An article in the New York Times says that if you simply re-frame how you see exercise, you can be more successful with your daily routine, and keep that routine for years.
In the article, Dr. Michelle Segar, a psychologist who wrote No Sweat: How the Simple Science of Motivation Can Bring You a Lifetime of Fitness, and who directs the Sport, Health and Activity Research and Policy Center at the University of Michigan, urges people to see exercise as more open-ended and fun.
Dr. Segar suggests focusing on the idea that “everything counts” — taking the stairs instead of the elevator, weeding the garden, dancing, even walking to the water cooler.

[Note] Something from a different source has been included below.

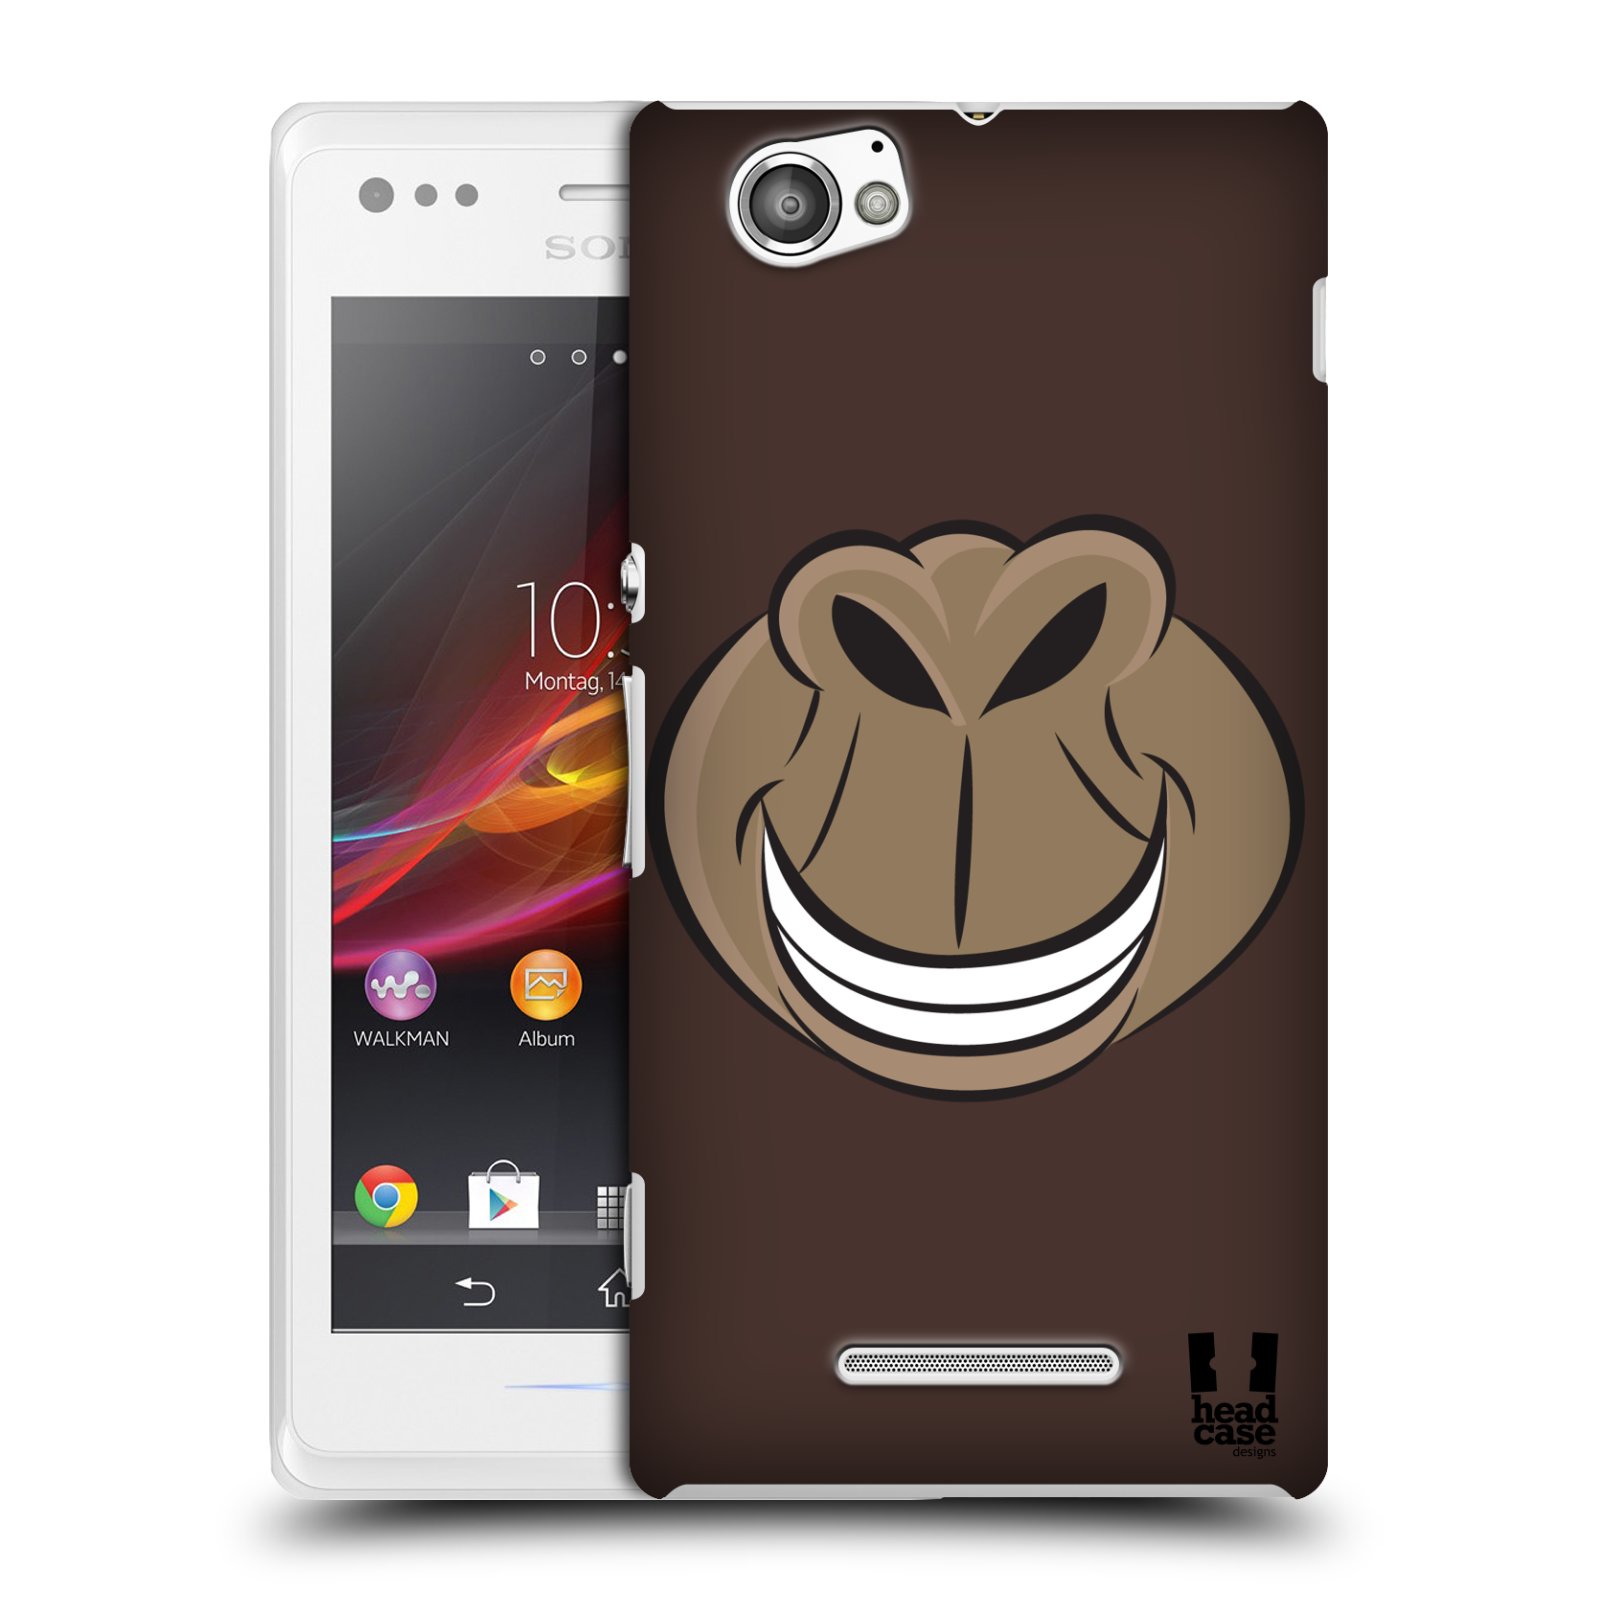 HEAD CASE plastový obal na mobil Sony Xperia M vzor Zvířecí úsměv opice hnědá
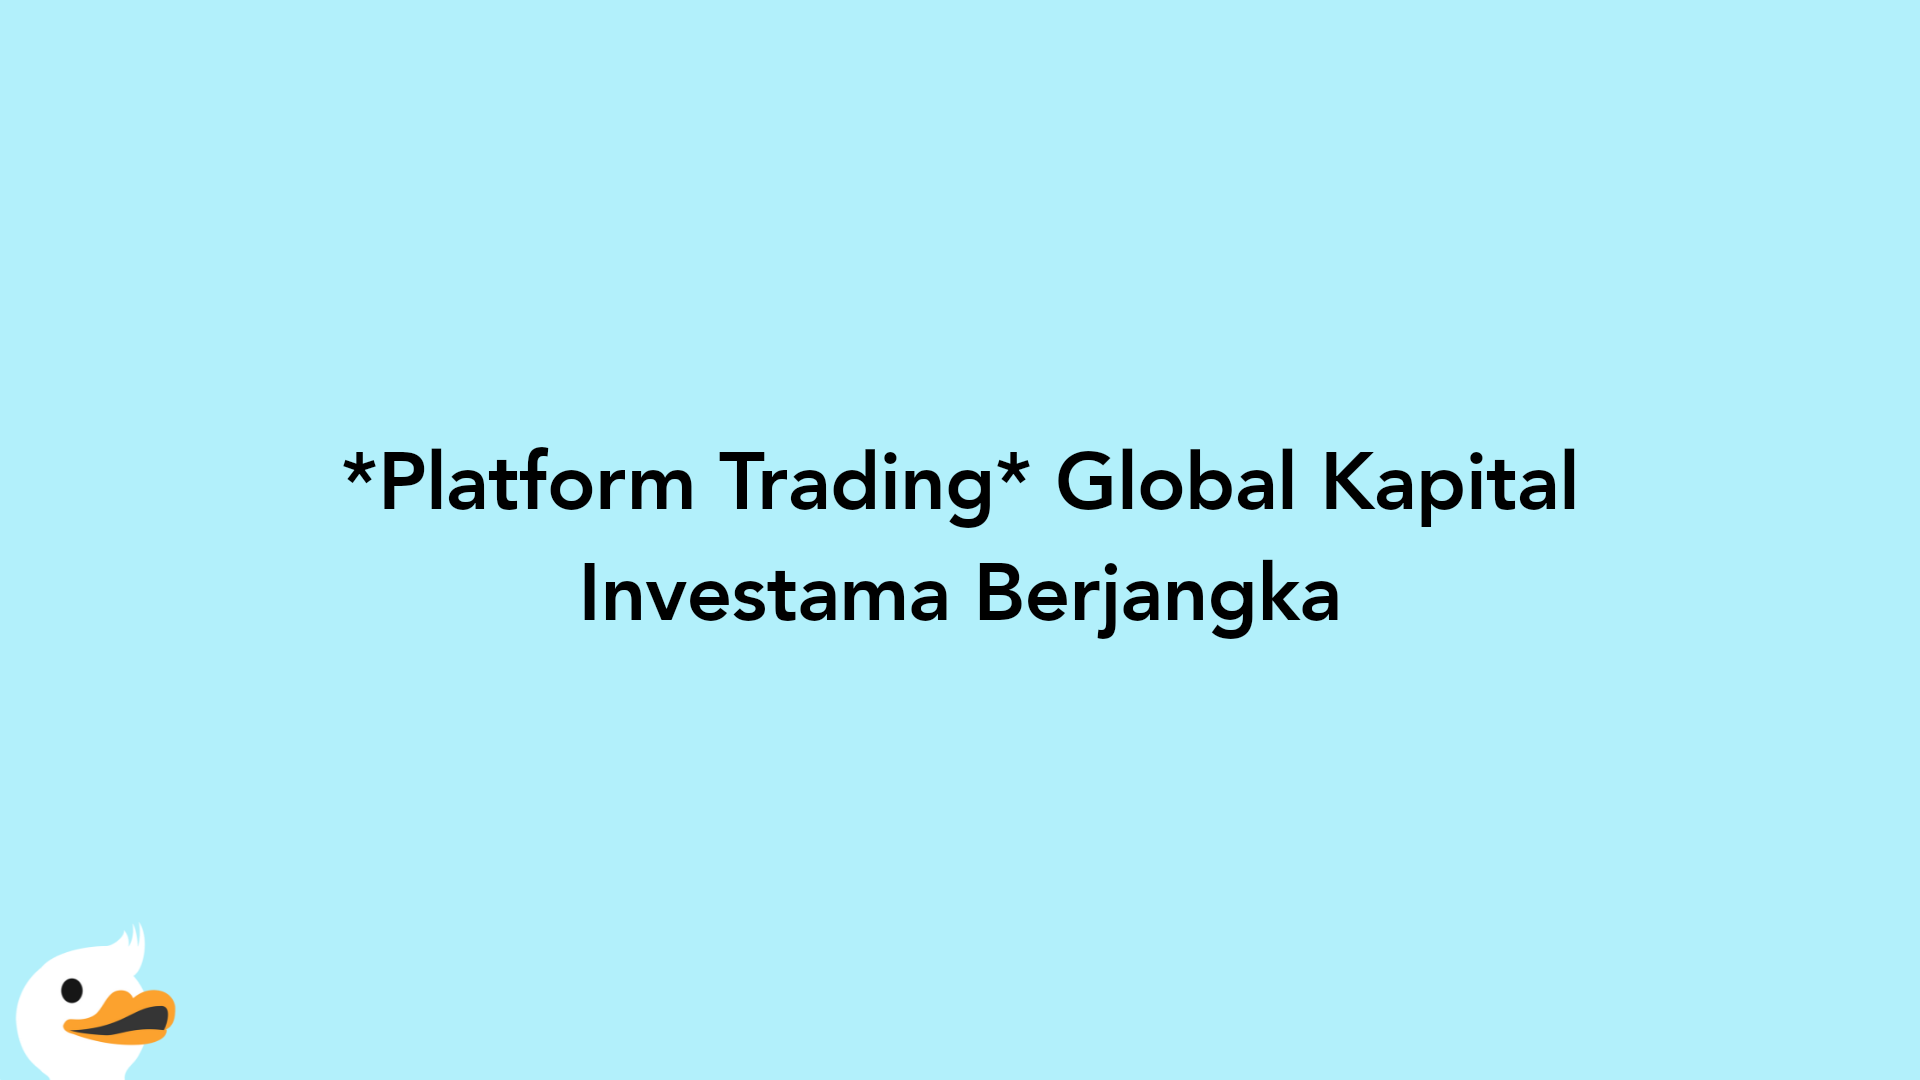 Platform Trading Global Kapital Investama Berjangka

“We should count any and every opportunity to move that exists in the space of our lives as valid movement worth doing,” she wrote. She advocates adopting a food marketer’s approach to workouts: Enjoy “snacks” of exercise that can entice gradual increases in how much is “consumed.” And like the calories in food snacks, it all adds up.
Dr. Segar likens the choices to Baskin-Robbins’s 31 flavors: “There are so many options — ‘What do I feel like doing today?’ — then picking the ‘flavor’ of physical activity that feels right for that day and moment.” The neuroscience of reward has shown that this approach can foster and reinforce positive feelings about being active.
The positives of exercise.
Interestingly enough, studies have shown that when people view exercise as simply something they have to do to maintain their weight and heath — instead of something that enhances their life — they’re less likely to stick to it.
Instead of forcing yourself to do the same thing at the gym three to five days a week, try to see the immediate benefits of physical activity — more energy, a better mood, decreased stress — as the reasons why you should take a long walk after work or a stretching class early in the morning.
When you focus on the positives of exercise, rather than the drudgery of it, you’re much more likely to be motivated to get out the door!